▶ TASK TO CARRY OUT
Once you find the line with "urocze zakątki na" in the entries below, print it and each line after it up to and including the line with "Renault Megane 2007 г.в. г.Нестеров - фото 2", exactly, without pictures.
___ DATA RECORDS ___
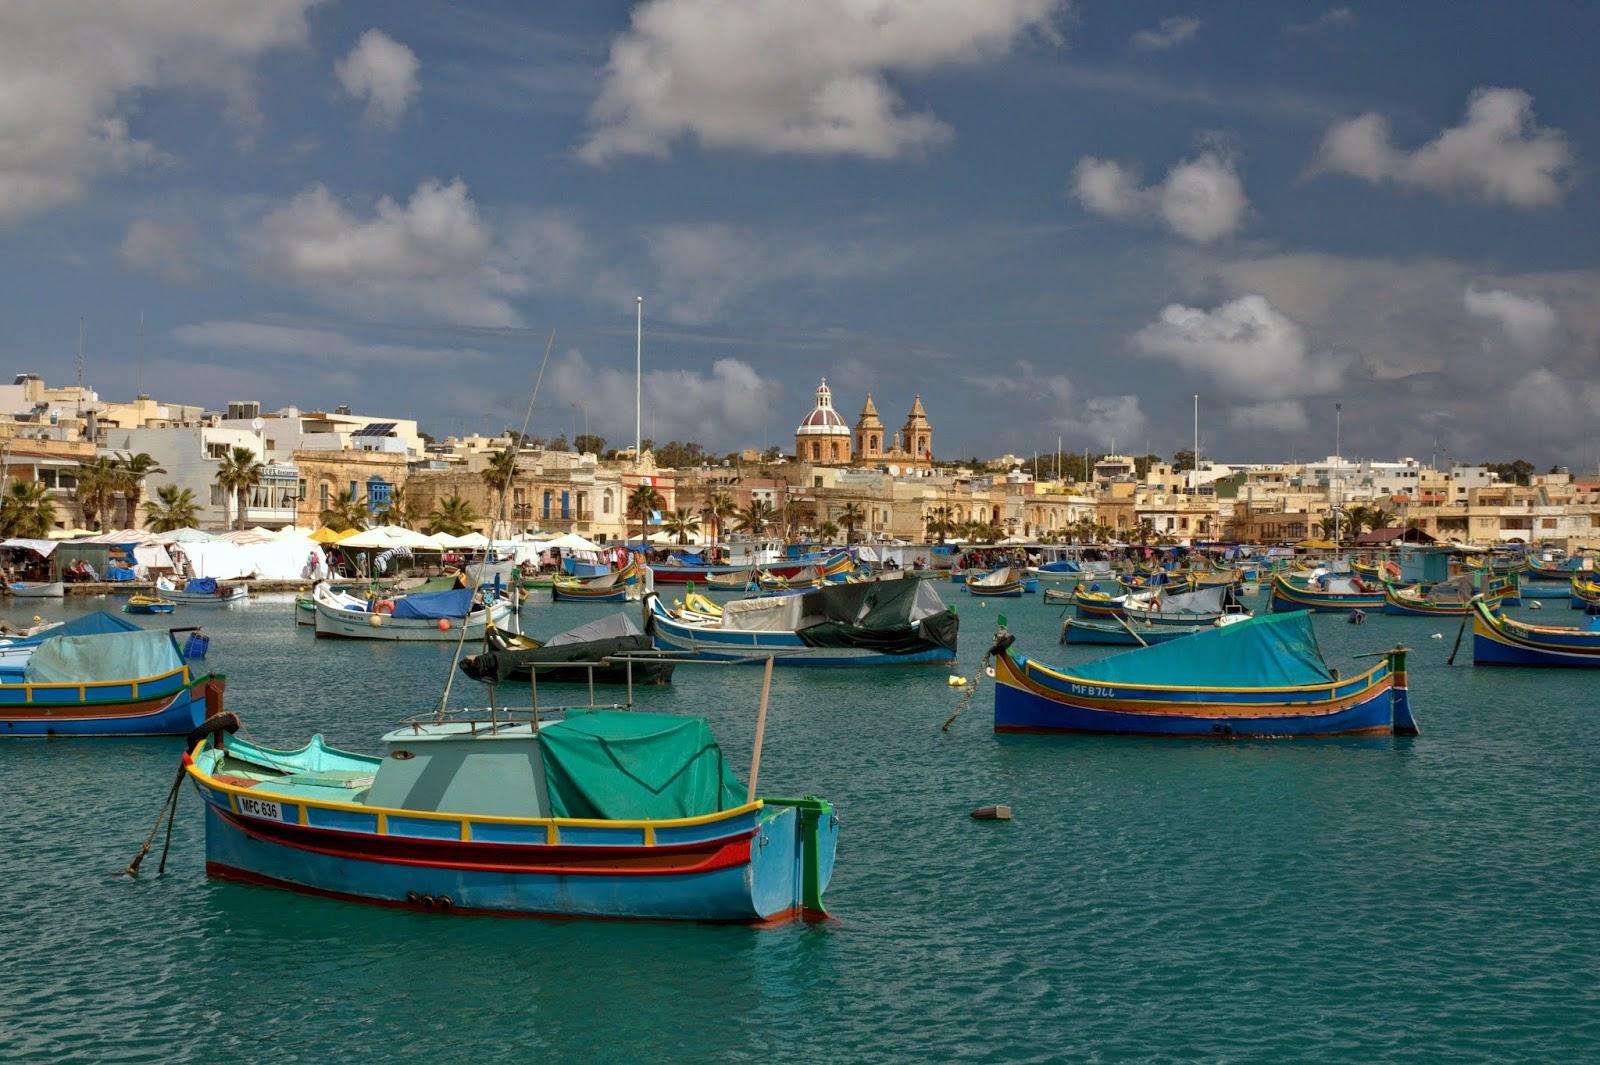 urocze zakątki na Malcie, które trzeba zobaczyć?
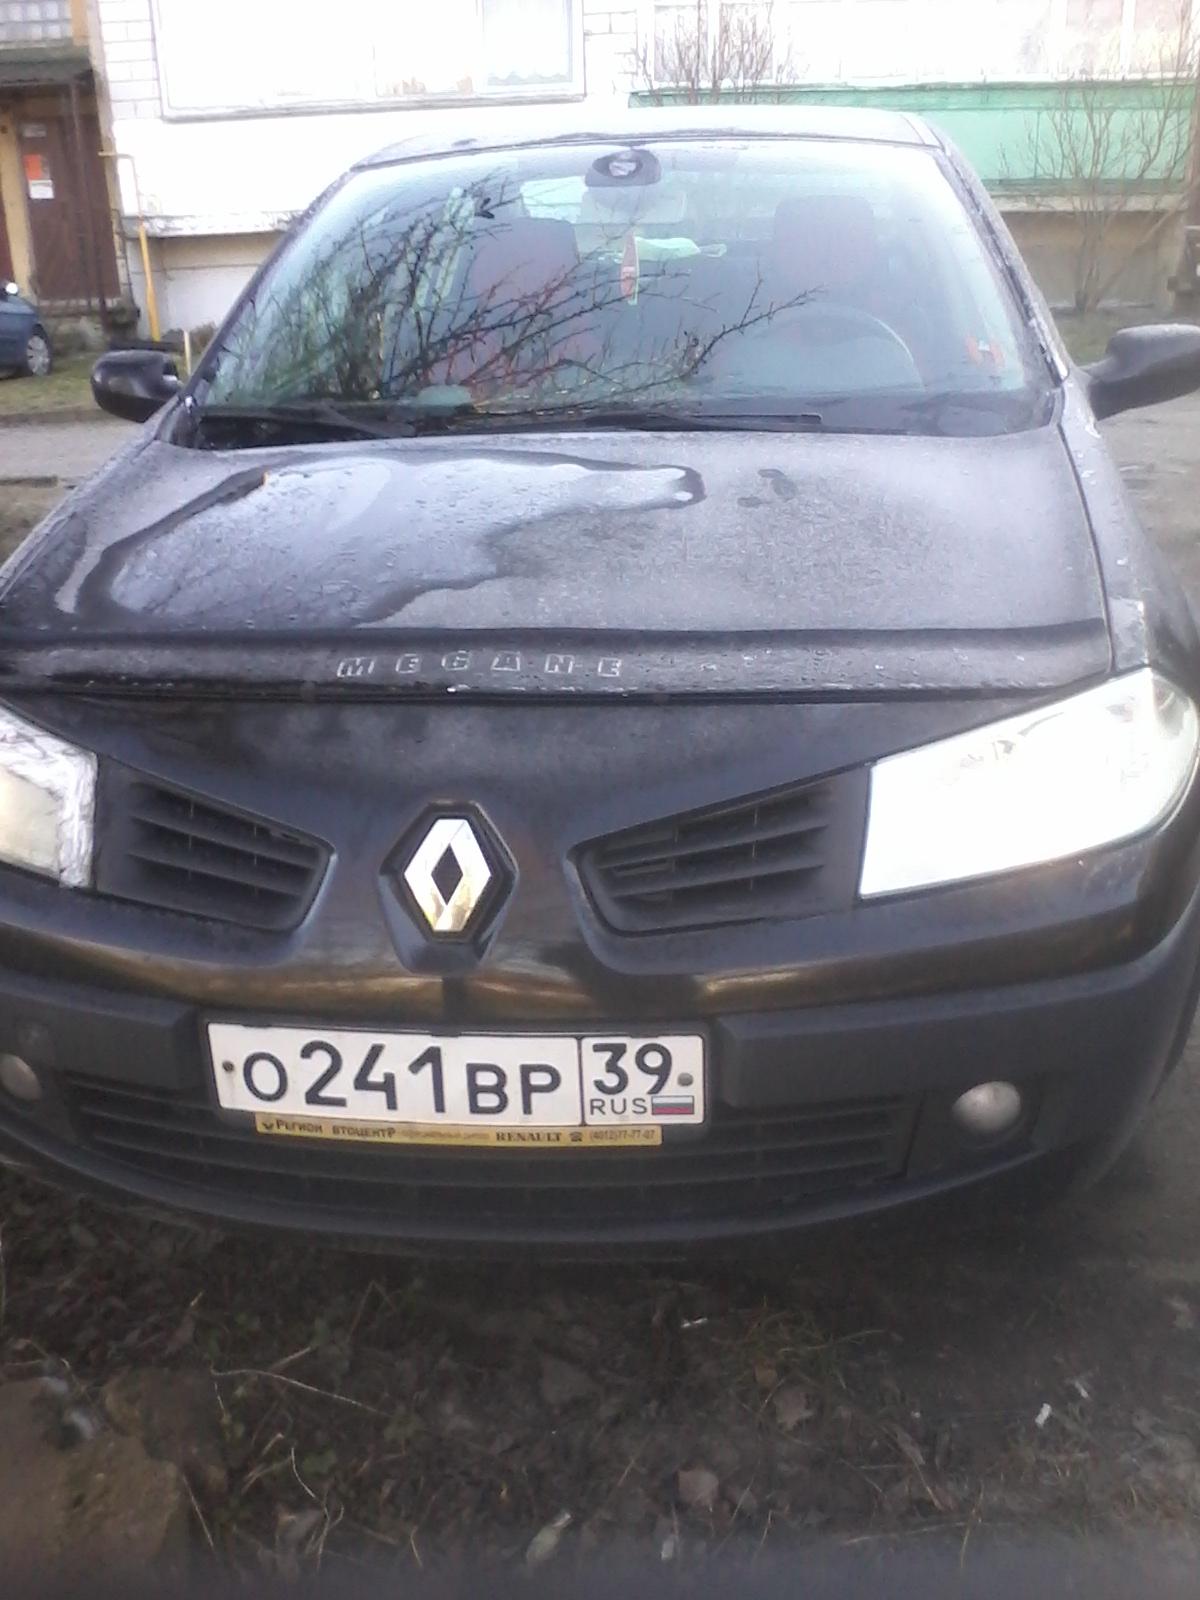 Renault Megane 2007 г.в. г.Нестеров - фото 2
___
___ DATA RECORDS ___
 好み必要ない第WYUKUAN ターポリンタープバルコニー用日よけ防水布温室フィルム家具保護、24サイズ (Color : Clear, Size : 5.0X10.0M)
___
▶ WRITTEN ANSWER
 urocze zakątki na Malcie, które trzeba zobaczyć?
 Renault Megane 2007 г.в. г.Нестеров - фото 2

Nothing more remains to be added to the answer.